The doctor delivered his bad news in a dry, emotionless professional tone, although for a nano second, I thought I saw something like pity flash across his eyes.
When, nine years ago, the neurologist confirmed that Parkinson's Disease lurked in my brain and was gradually asserting its dominance over the control of my movements and other basic but essential components of existence such as balance, coordination, and structured thinking, my afflicted brain crouched in the shadows of denial and regret. Today, dyskinesia, fatigue, lightheadedness, uncontrollable jerking, etc., etc., render denial impossible. Since I can’t deny the PD, I try to handle the regrets by living BIG.
I didn’t know much about PD when I learned that I had it. Two of my mother’s brothers lived out their lives in wheelchairs because of PD. One might think that fact alone would have spurred curiosity.

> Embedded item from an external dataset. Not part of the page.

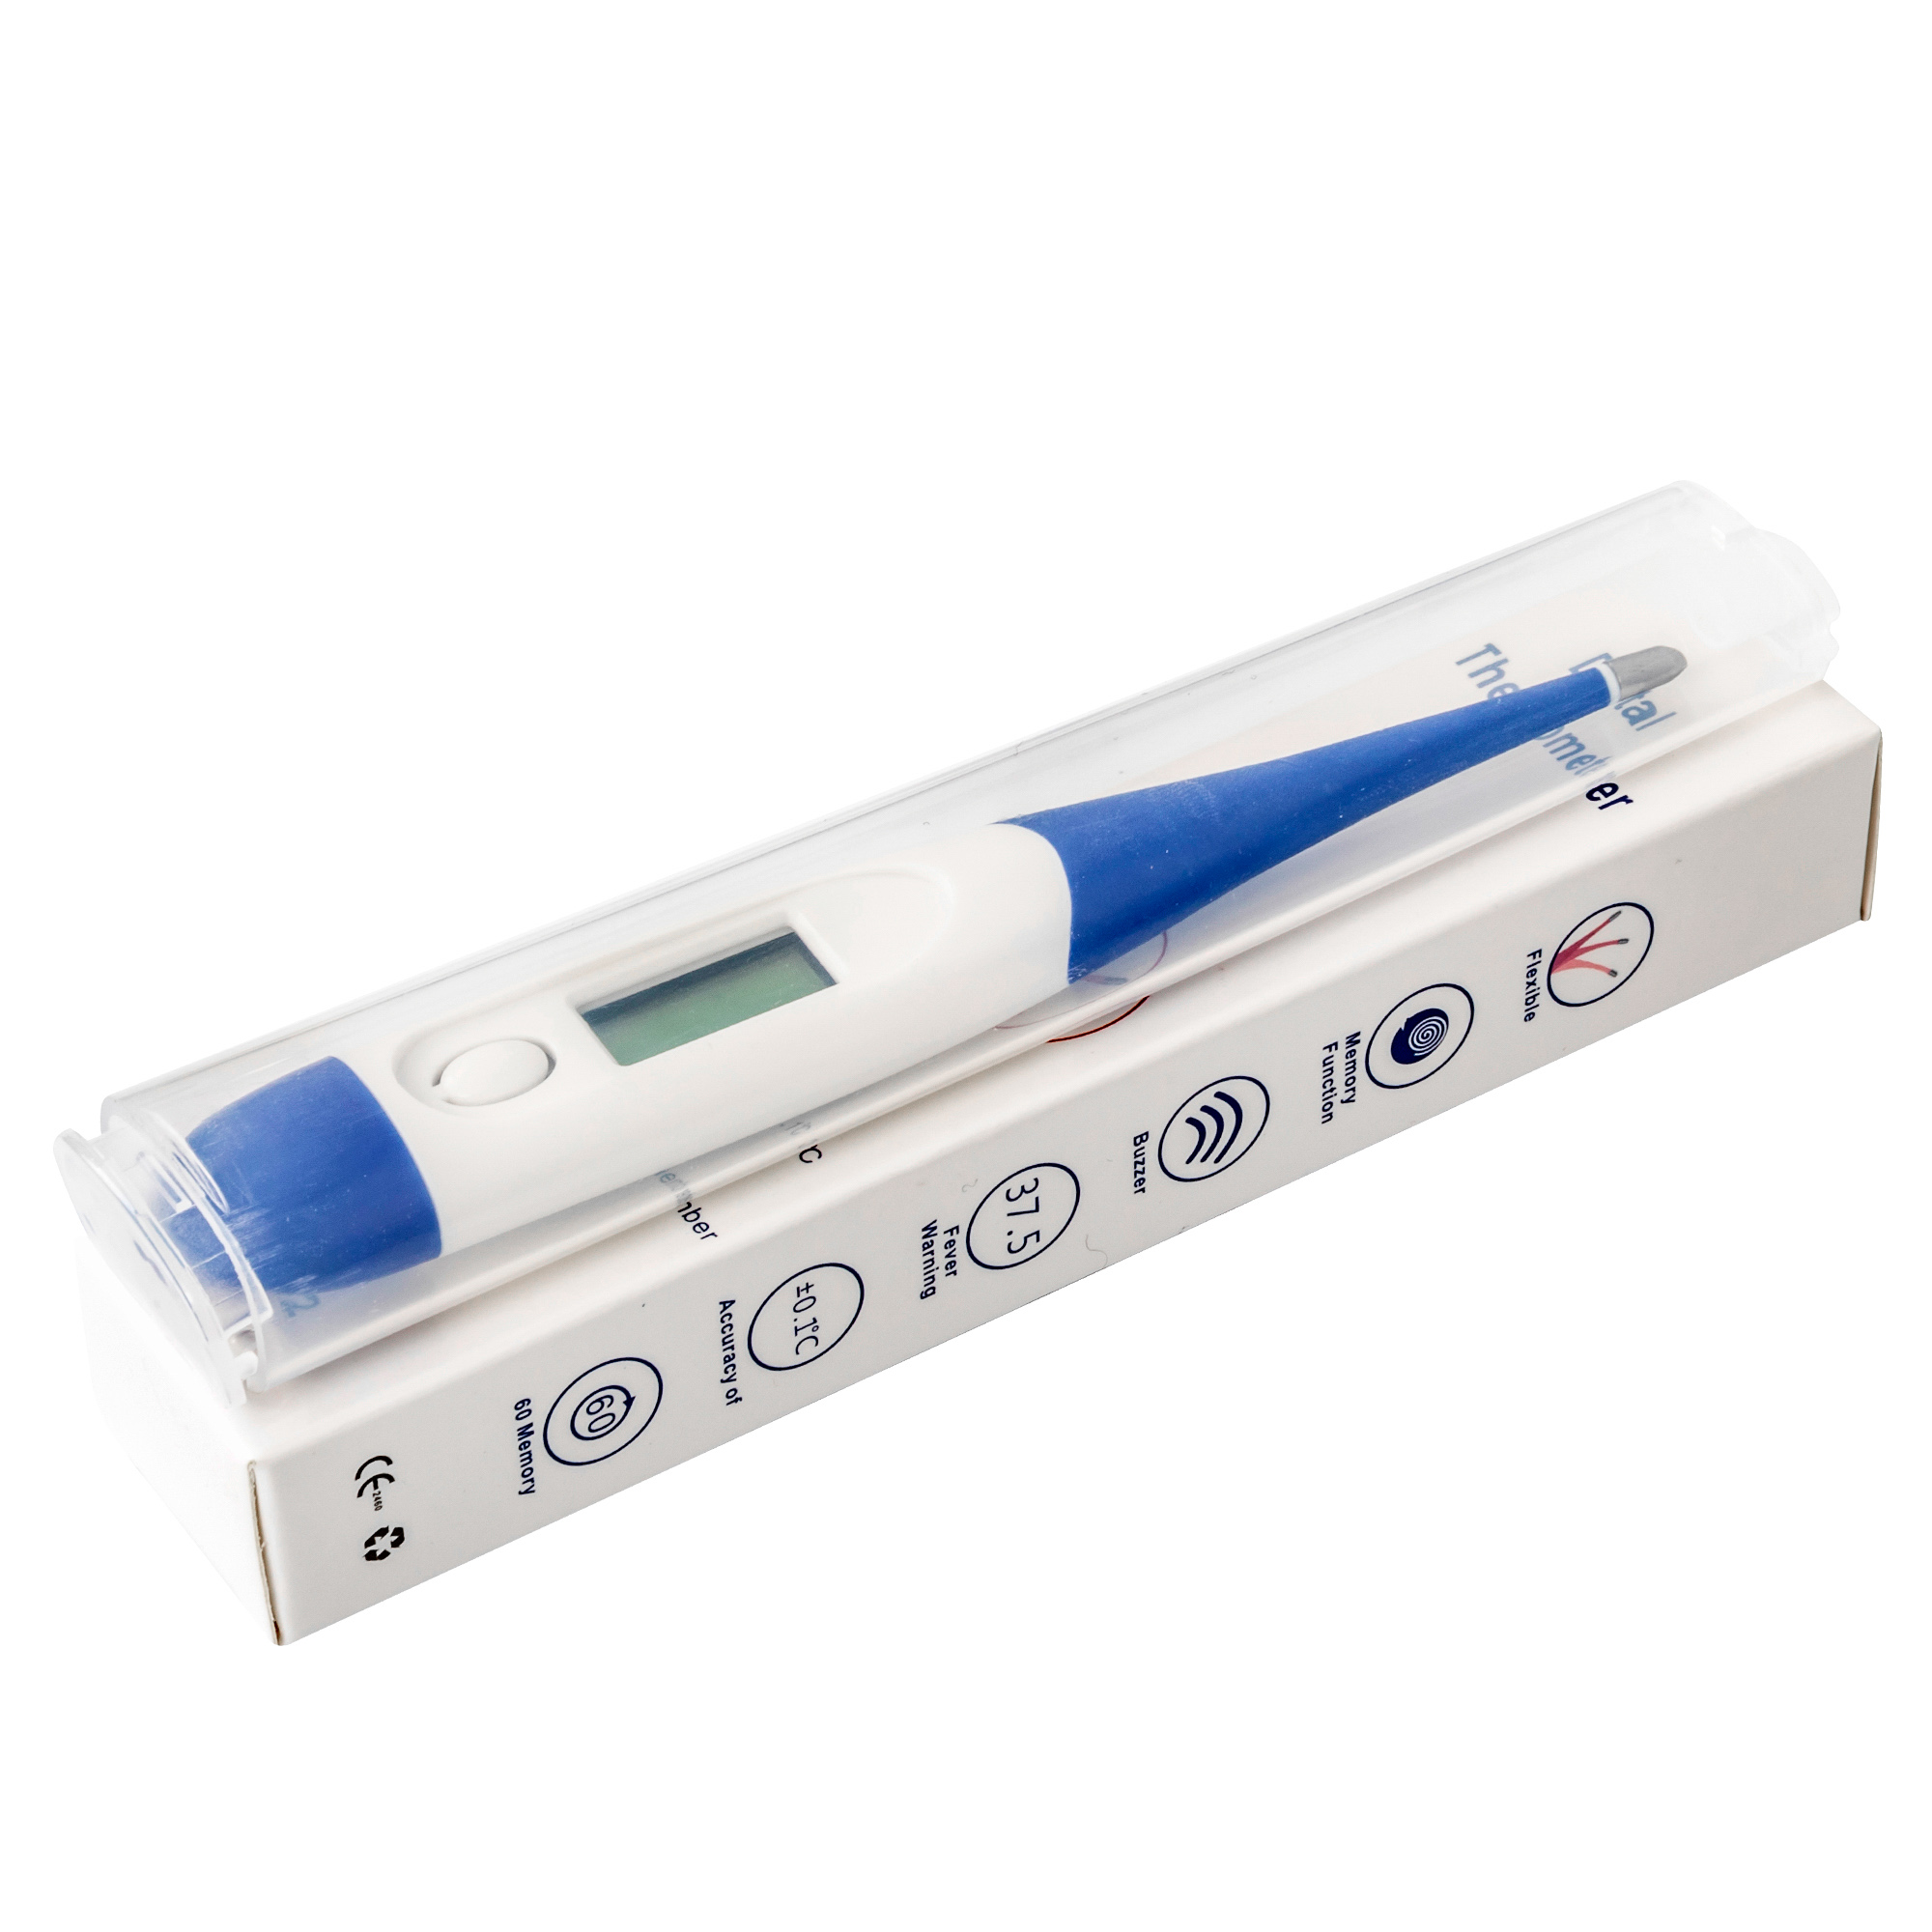 Display Waterproof Accurate High Sensitivity Thermometer

Now I know more about PD than I want.
In response to my questions, that first neurologist said that a few of his patients survived “fifteen years.” He appeared to think that was a positive. He said PD was a “boutique illness.” Symptoms differed for everyone. It was impossible to know exactly how I would be affected. He didn’t offer anything else except a future consisting of drugs to “manage” the disease and drugs to manage the drugs. Thus began my PD education, which, so far, has included exercise classes, support groups, other people with PD, and my own experience.
One thing I do know is that people with PD live in a smaller world than the earth occupied by non-PD beings. We often shuffle our feet and walk with a mincing tentative gait. We hunch over, lean to one side, or bend forward like puppets with broken strings. We talk in whispers, hesitate in crowds, and stay home rather than interact with a world of fast moving, impatient strangers and immobile sharp edges. We suddenly fall because our body twists on its own in a room without space for twisting, causing bruises and broken bones. Some have said that having PD is to live in a shrinking existence.

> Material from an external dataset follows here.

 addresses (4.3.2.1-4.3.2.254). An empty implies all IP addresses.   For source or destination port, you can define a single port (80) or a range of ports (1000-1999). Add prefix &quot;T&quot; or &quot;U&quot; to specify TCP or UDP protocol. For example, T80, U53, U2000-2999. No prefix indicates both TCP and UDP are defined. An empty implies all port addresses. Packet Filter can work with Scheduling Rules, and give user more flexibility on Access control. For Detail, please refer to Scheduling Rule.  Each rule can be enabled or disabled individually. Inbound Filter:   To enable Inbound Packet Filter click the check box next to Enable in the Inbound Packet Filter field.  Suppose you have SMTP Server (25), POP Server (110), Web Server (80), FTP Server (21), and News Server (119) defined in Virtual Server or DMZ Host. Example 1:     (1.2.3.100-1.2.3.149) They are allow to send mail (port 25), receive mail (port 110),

If that is correct, then I should live BIG. Until it becomes impossible, I should shout my words and stimulate my voice; take exaggerated steps with plenty of jumping and running; struggle against denial, depression, and self-pity by making plans and setting goals. Learn something new. Challenge myself. Live BIG.
On the other hand.
I used to think of myself as an intelligent and confident guy in control of my life. I was an attorney and people relied on my advice and judgment to make decisions. I was quiet and laid back, but colleagues and friends listened when I talked. I created poetry, stories and novels. I could dance, juggle, drink until I was drunk, and entertain very young grandchildren with simple magic tricks.
Much of that self-image has been stripped or “shrunk” by PD. When my meds are “off,” ambition, energy, and desire rush away, often in just a few minutes. I realize that in order for me to live BIG I will have to dig deep into whatever remains of my old, pre-PD self. The reality is that there may not be much.
Like the song says:
Feeling alright (oh, no)
I'm not feeling too good myself (oh, no)
Later.
Manuel Ramos
11 comments:
You're brave, and remain a confident and intelligent guy! In control of your life, and yes, we still listen! Live big, ése. You're an inspiration!🙏🫂
I know you don't want to hear this, but you will always be one of my heroes.
PD is incurable, irreversible, and unpredictable. The only thing that is guaranteed with it is that it will get worse. For professionals (i.e., people with a career, especially a career involving thinking, critical analysis, and creating), PD's damage to our "structured thinking," as Ramos refers to it, is one of the hardest losses to bear. Our thinking and our speaking become slower, harder to express. PD patients at times struggle to find the right words; our voice becomes weaker. Our cognitive skills are not diminished, thankfully. Our PD bodies just impede our physicality. PD is not a terminal illness. It's a change. But all of life is change.
Thank you, Alfredo
Mil gracias, Mario
Thanks for the comments. Nothing is absolute except for change
Manuel, your words are always strong with meaning and message. I understand what you’re going through having walked beside our brother “Rick” Jaramillo until the end. As I now struggle with my cancer, caused by my exposure to agent orange when I was in Vietnam. I too try to live my life big knowing that my time here is now limited. I understand what it’s like to slowly lose ability that use to come naturally. I’m here for you brother if you ever need me. I am limited in my ability to speak but can still communicate. Love you Ray Ramirez
Ray - brother, your words went straight to my heart. You have faced many struggles with honesty and commitment, and I have always admired that about you. You fight the good fight, for the right reasons. Thanks for lighting the way. Hope to see you soon - love you, Manuel
Thank you for this. My father has PD and it has completely overwhelmed him. Your post allows me to see life through his perspective.
Thank you for sharing your experience in such an honest way. I imagine your words as my own fathers’ or my dear aunts’ or grandmothers’ words. They never had a way with communicating their experience with Parkinson’s.
“Much of that self-image has been stripped or “shrunk” by PD.” —- this reminds me of the previous season of the show Shrinking. The title is a double entendre referring to the characters being therapists and so the emotional shrinking that happens to the characters and the interpersonal dynamics of their relationship together. But also, Paul (Harrison Ford’s character) has Parkinson’s and the arc of the character is showing us this strength of his character fighting that image of a man being “stripped” of his abilities and his “image” (shrunk). In actuality, his character is showing growth in the acceptance of who he is, in spite of what’s happening to his body. The creator of the show, Bill Lawrence, created Spin City, which was the show Michael J Fox was on when he was showing symptoms and ultimately diagnosed. Fox became a
sort of mentor to him. The Paul character was inspired by Fox and he is somewhat of a consultant on the show. Anyway, I thought it was an interesting word to use, “shrinking.” Again, thank you for sharing this. And cheers to everything you have in you to live BIG!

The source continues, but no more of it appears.